Key Terms in this Chapter

Zone of Proximal Development: The space between the tasks that learners can do individually without assistance and the tasks that learners cannot do, even when they have been given assistance.

Formative Assessments: Low-stakes assessments frequently given during a lesson to check for student understanding of content. These assessments allow teachers to address any preconceptions or misconceptions both prior to and during a lesson.

Self-Reflecting: The ability to evaluate one’s cognitive and behavioral process in a learning environment, giving serious thought to products created as a result of the knowledge gained.

Self-Monitoring: The ability to monitor one’s behavior and the impact that it has on an academic or social environment.

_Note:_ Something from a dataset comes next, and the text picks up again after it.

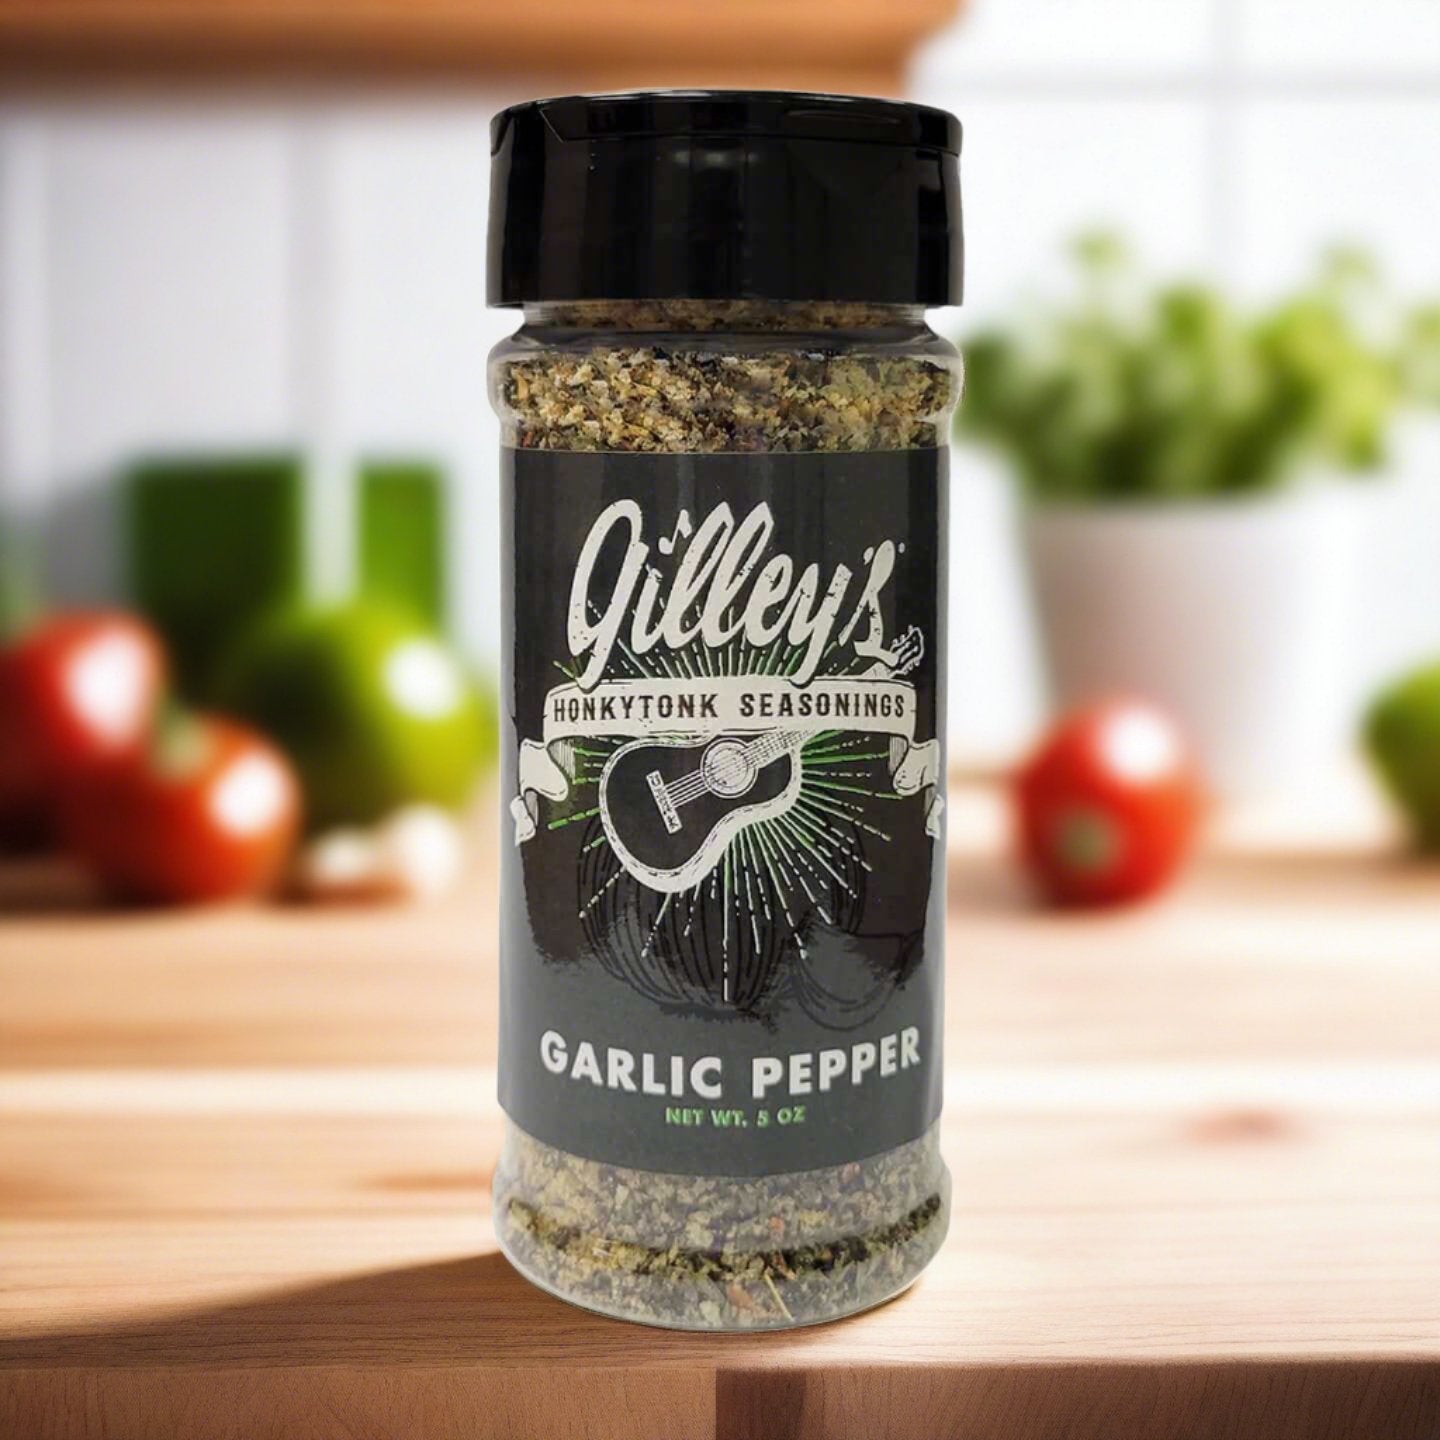 Garlic Pepper Seasoning - Gilley's Food & Beverage
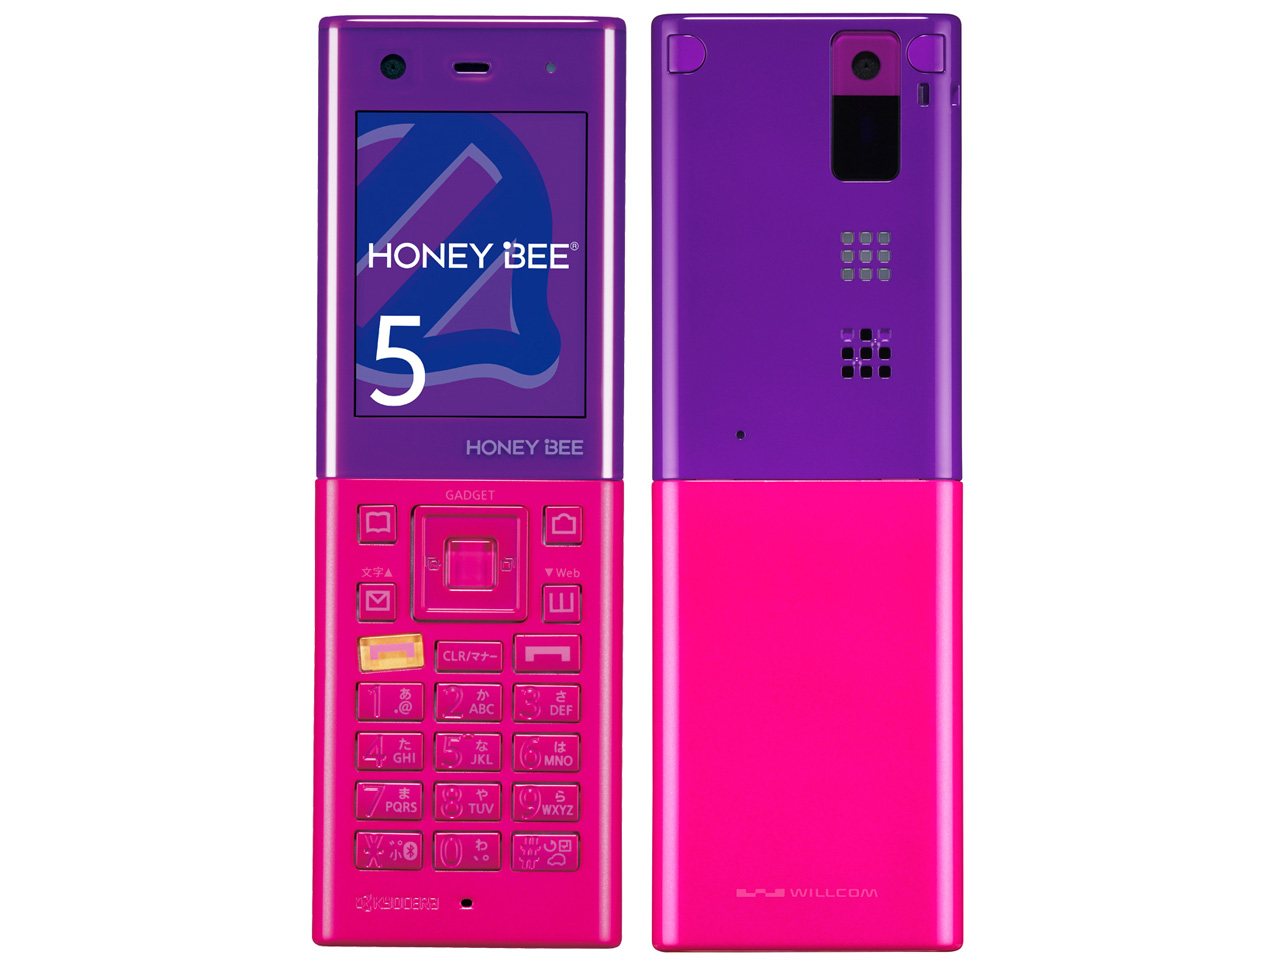 価格.com - 京セラ HONEY BEE 5 WX07K [バイオレット&ピンク] 価格比較

Scaffolding: Breaking learning into small, manageable pieces and assisting students when they experience struggles. This enables students to learn new concepts and skills through structured support.

Autonomous Learner: One who is responsible for the construction of his or her own learning.

Self-Instructing: Talking through a problem or task in order to reach a solution.

Metacognition: The process of thinking about thinking, self-reflection, and self-regulation of learning processes.

General Education Teacher: Teachers of students who make up the general population of students in a school or school system.

Summative Assessments: High-stakes assessments given at the end of a chapter, unit, or scholastic year. These assessments are a measure of what students have learned when compared to a standard or benchmark.